Thanks for the guidance, I did this and tried ECT again on beluga. It fails again. I belive it is related to the StdEnv and the loaded modules.
These are the loaded modules for the model right now:
Currently Loaded Modules:
1) nixpkgs/16.09 (S) 4) icc/.2018.3.222 (H) 7) StdEnv/2018.3 (S) 10) python/3.7.4 (t) 13) hdf5-mpi/1.10.3 (io)
2) imkl/2018.3.222 (math) 5) ifort/.2018.3.222 (H) 8) mii/1.1.1 11) cmake/3.16.3 (t) 14) netcdf-mpi/4.4.1.1 (io)
3) gcccore/.7.3.0 (H) 6) intel/2018.3 (t) 9) perl/5.22.4 (t) 12) intelmpi/2018.3.222 (m) 15) netcdf-fortran-mpi/4.4.4 (io)
after I updated the PyCECT, I tried the "python ensemble.py --case /home/meisam/scratch/cases/ensemble.cesm_tag.000 --mach beluga --ensemble 4 --ect cam --project P99999999" on beluga and this showed up:
File "ensemble.py", line 64
print 'Error: cannot have an ensemble size greater than 999.'
^
SyntaxError: Missing parentheses in call to 'print'. Did you mean print('Error: cannot have an ensemble size greater than 999.')?
[meisam@beluga3 statistical_ensemble_test]$ module load python/2.7.18
Lmod has detected the following error: These module(s) or extension(s) exist but cannot be loaded as requested: "python/2.7.18"
Try: "module spider python/2.7.18" to see how to load the module(s).

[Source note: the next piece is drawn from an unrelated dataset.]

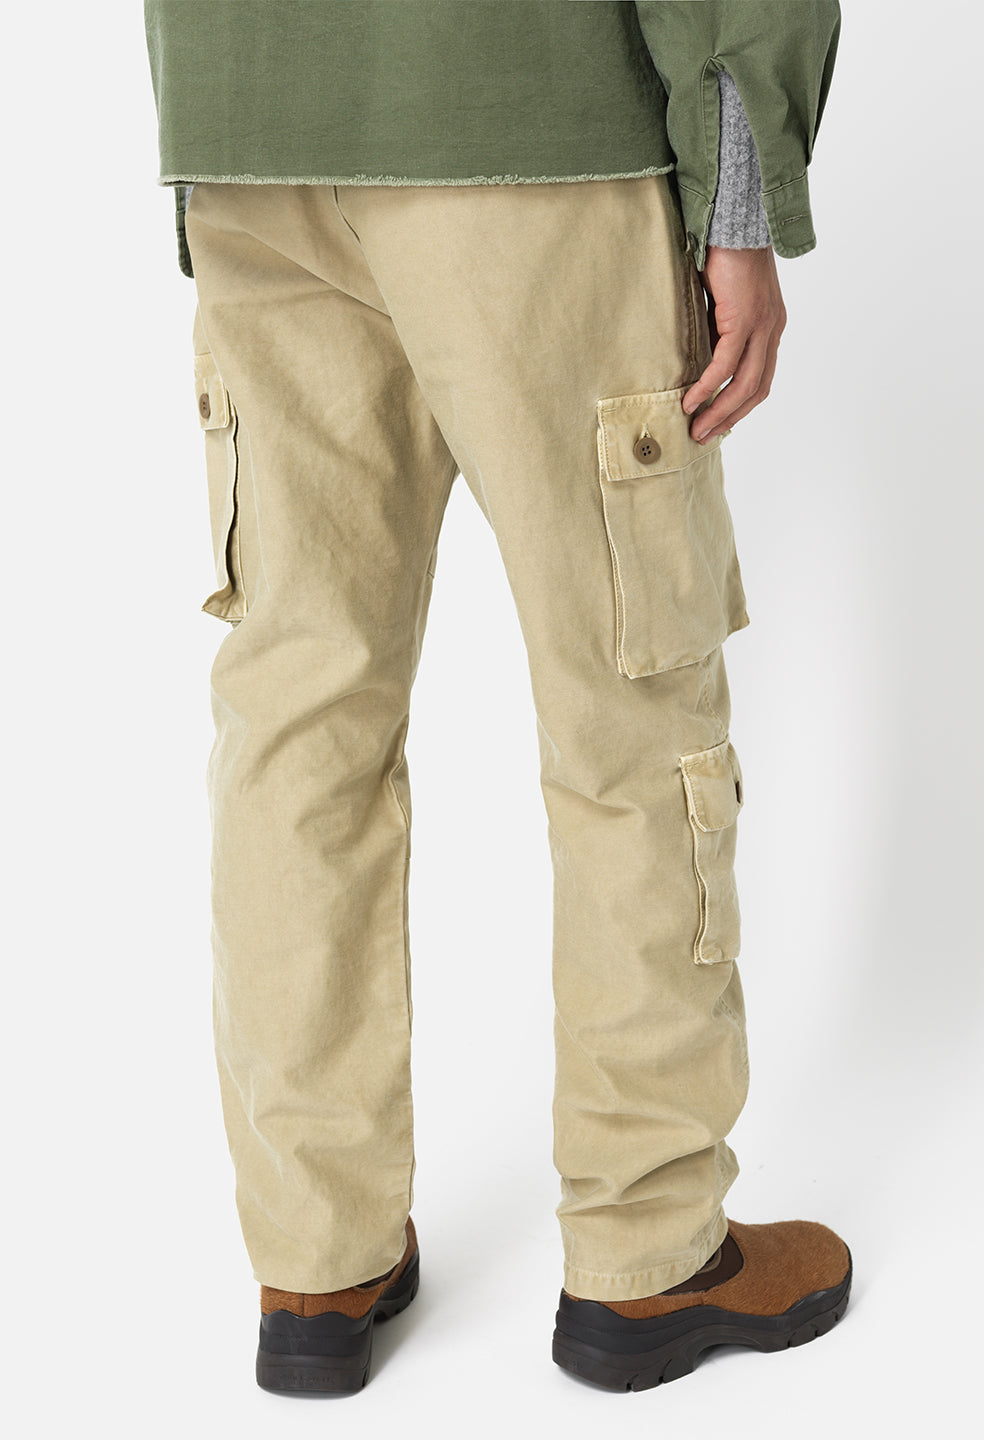 TOM FORD Tapered stretch-cotton twill cargo pants | NET-A-PORTER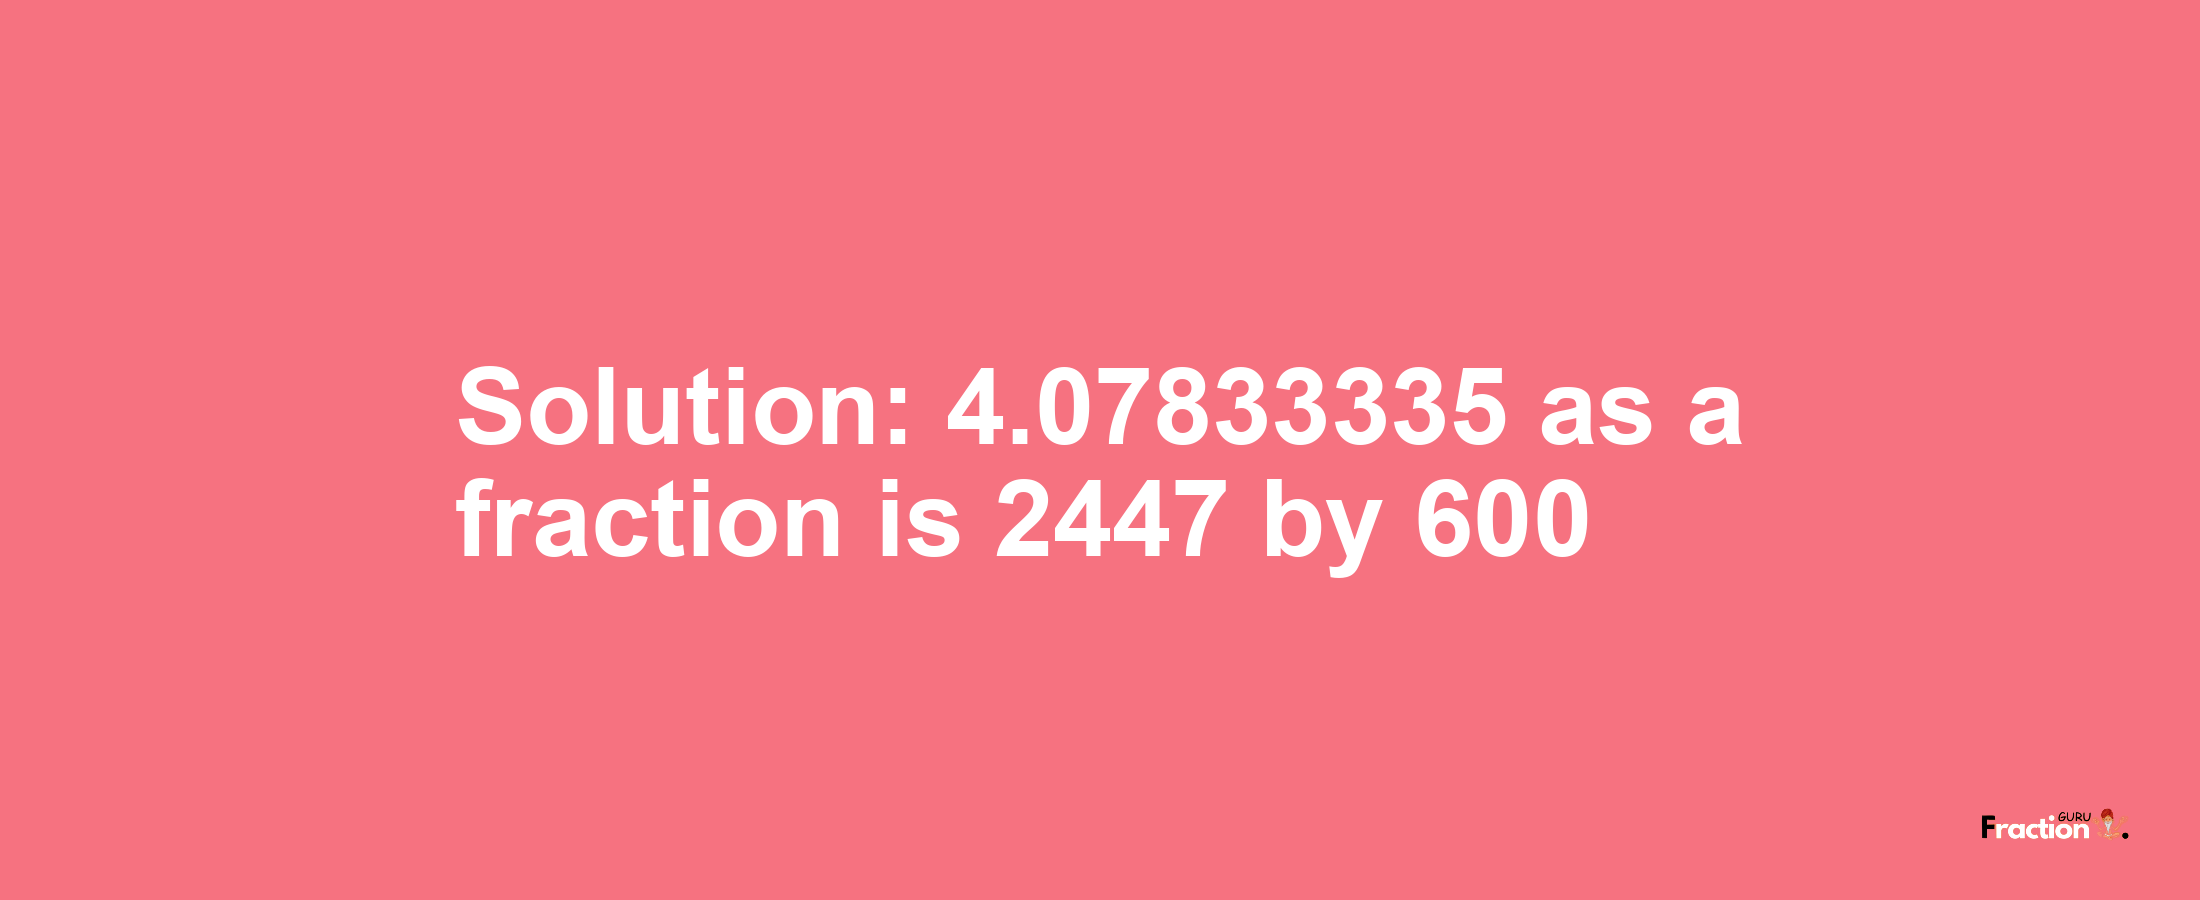 Solution:4.07833335 as a fraction is 2447/600

I did try to unload the StdEnv/2018.3 (with --force) and loaded the 2020 version but the python ensemble.py shows this which is another error:
STATUS: stat_dir = /lustre03/project/6001010/my_cesm_sandbox/cime/tools/statistical_ensemble_test
Error: Need a valid full path with the case name (--case).
I am guessing this is because of the StdEnv and the current modules because these are the "Inactive Modules:
1) perl/5.22.4 2) cmake/3.16.3 3) intelmpi/2018.3.222 4) hdf5-mpi/1.10.3 5) netcdf-mpi/4.4.1.1 6) netcdf-fortran-mpi/4.4.4"
And for loading each one of them I have to load bunch of other modules too. like for example:
You will need to load all module(s) on any one of the lines below before the "hdf5-mpi/1.10.3" module is available to load.
nixpkgs/16.09 gcc/7.3.0 cuda/9.2.148 openmpi/3.1.2
nixpkgs/16.09 gcc/7.3.0 openmpi/3.1.2
nixpkgs/16.09 gcc/7.3.0 openmpi/3.1.4
nixpkgs/16.09 gcc/8.3.0 openmpi/4.0.1
nixpkgs/16.09 intel/2018.3 cuda/10.0.130 openmpi/3.1.2
nixpkgs/16.09 intel/2018.3 impi/2018.3.222
nixpkgs/16.09 intel/2018.3 intelmpi/2018.3.222
nixpkgs/16.09 intel/2018.3 openmpi/3.1.2
nixpkgs/16.09 intel/2018.3 openmpi/3.1.4
nixpkgs/16.09 intel/2019.3 openmpi/4.0.1
or for python: You will need to load all module(s) on any one of the lines below before the "python/3.7.4" module is available to load.
nixpkgs/16.09
I did load this one (nixpkgs/16.09) to check if it works, but it didn't and showed the first error again.
P.S. I will update the PyCECT on narval and let you know how that goes, however on narval it submitted the job for ECT and did run for 2min before and failed, I will try this updated PyCECT on narval to check if it would fail after submission or not.